PS Also in YC, NetworkBalancer will be behind the ingress-controller, but you don’t need to configure it in any way, it will be created automatically.
TLS Certificate
Great, but we only have access via http, but we would like https. To do this, we need to add a few lines with ingress, and also deploy a few more manifests in the cluster. Namely cert-manager. Let’s do it with kubectl:
kubectl apply -f https://github.com/cert-manager/cert-manager/releases/download/v1.13.2/cert-manager.yaml
Let’s expand ClusterIssuer:
kubectl apply -f cluster-issuer.yaml -n cert-manager
And add a few lines to the manifest with ingress:
apiVersion: networking.k8s.io/v1
kind: Ingress
metadata:
name: airflow-ingress
labels:
release: airflow
annotations:
kubernetes.io/ingress.class: nginx
cert-manager.io/cluster-issuer: letsencrypt
spec:
rules:
# использую приобретенное доменное имя, т.к. с nip.io трудно получить сертификат (слишком много желающих для этого домена).
- host: airflow-test.data-notes.ru
http:
paths:
- backend:
service:
name: airflow-webserver
port:
name: airflow-ui
path: /
pathType: ImplementationSpecific
tls:
- hosts:
- airflowtest.data-notes.ru
secretName: ingress-webserver-secret
In the annotations we indicate issuerand also indicate in the section tlswhere we will store the secret for our host.
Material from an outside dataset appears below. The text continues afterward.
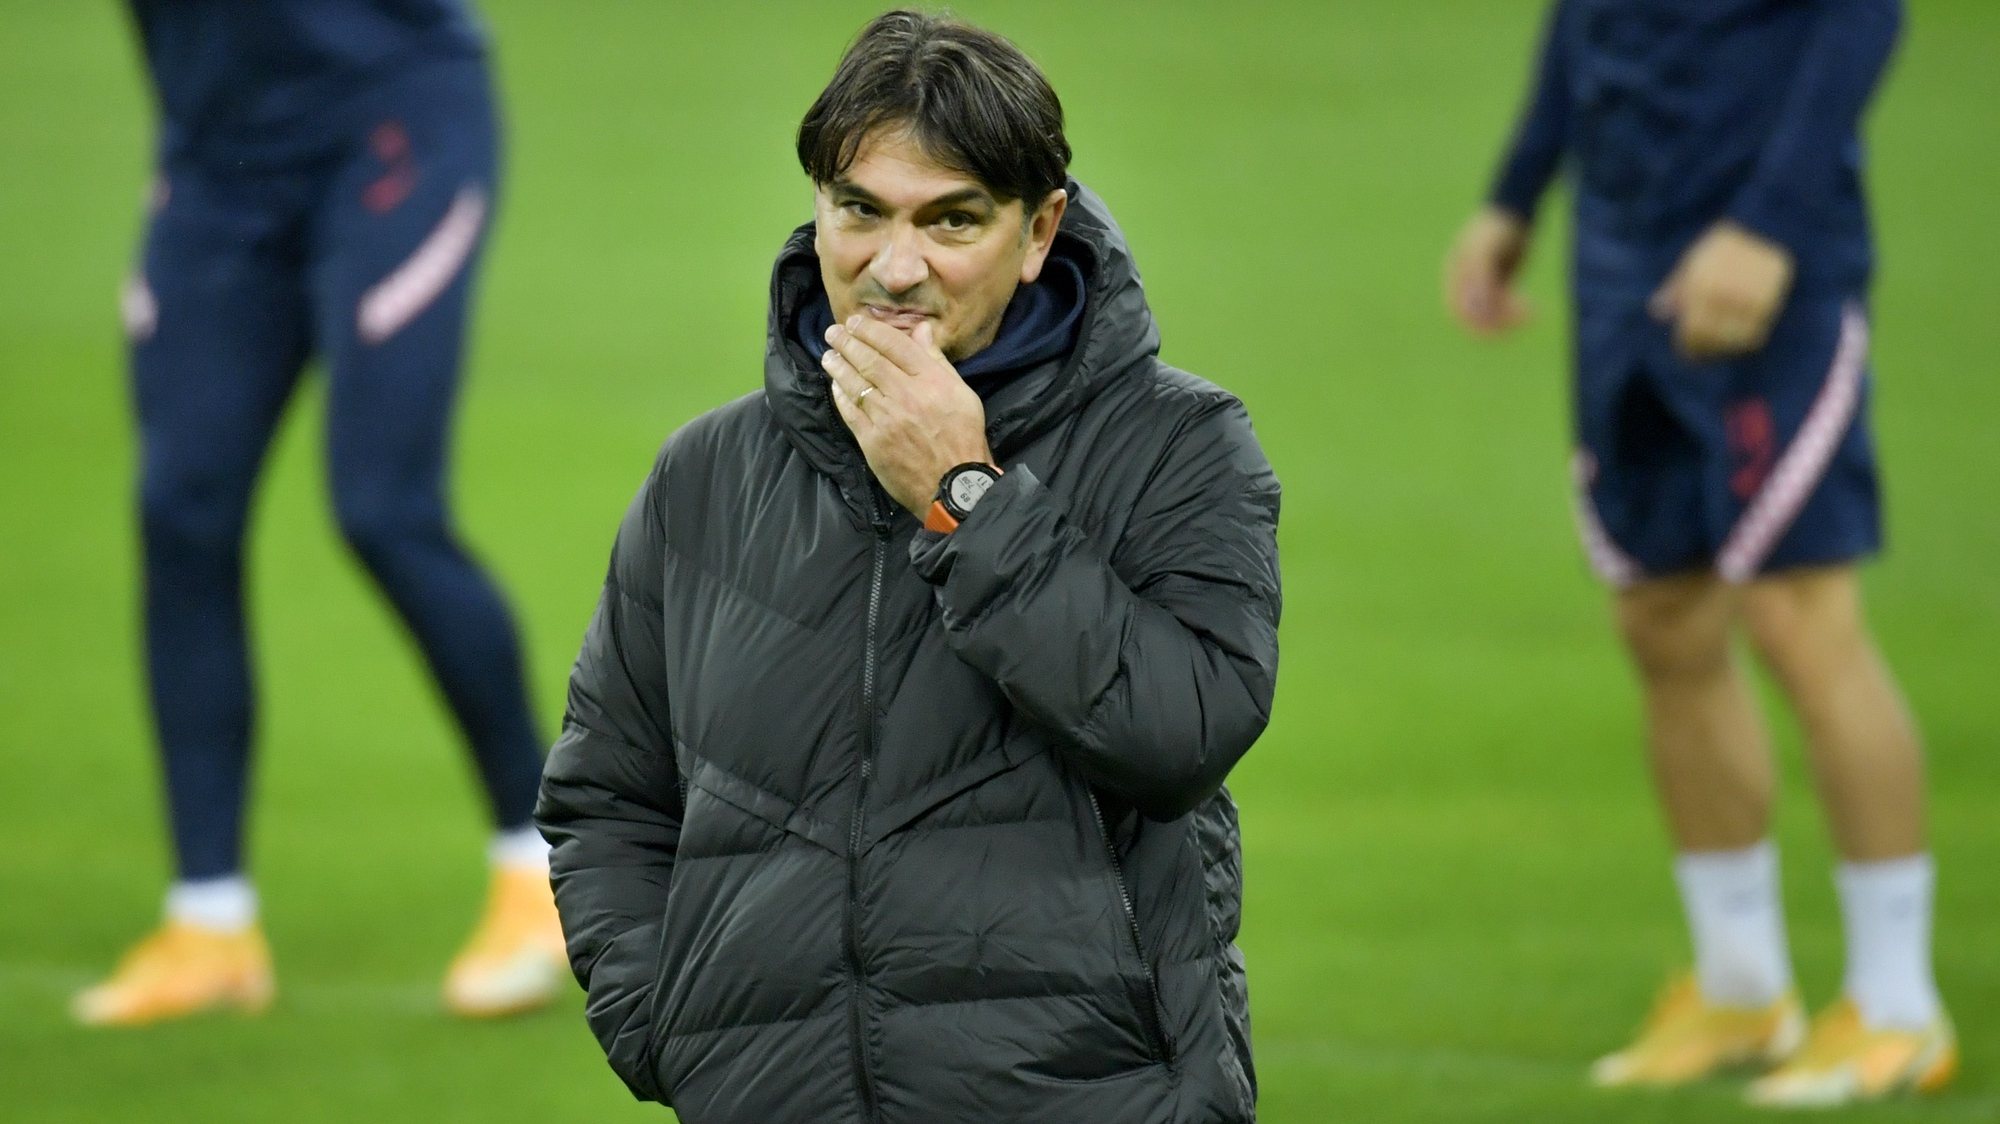 epa08818610 Head coach of Croatian national soccer team, Zlatko Dalic reacts during a training session on the eve of the UEFA Nations League group stage match between Sweden and Croatia at Friends Arena in Stockholm, Sweden, 13 November 2020.  EPA/Anders Wiklund SWEDEN OUT

Principle from work cert-manager looks like work ingress-controller. Thanks to the annotation cert-manager.io/cluster-issuer: letsencrypt cert-manager understands that we want to use letsencrypt to obtain the certificate. Receives it and saves it to the specified secret.
If the certificate does not want to be installed (for example, if you use host with nip.io) or you need to find out the validity period of the certificate, then this can be done with the following command:
kubectl describe certificate ingress-webserver-secret -n airflow
If everything is done correctly, then in the browser we will see the treasured lock:
Conclusion
This time we set up synchronization of the remote repository with the Airflow directory, implemented permanent storage of logs, and also configured an https connection for the Webserver. After these transformations, our cluster can be depicted as follows (Fig. 10).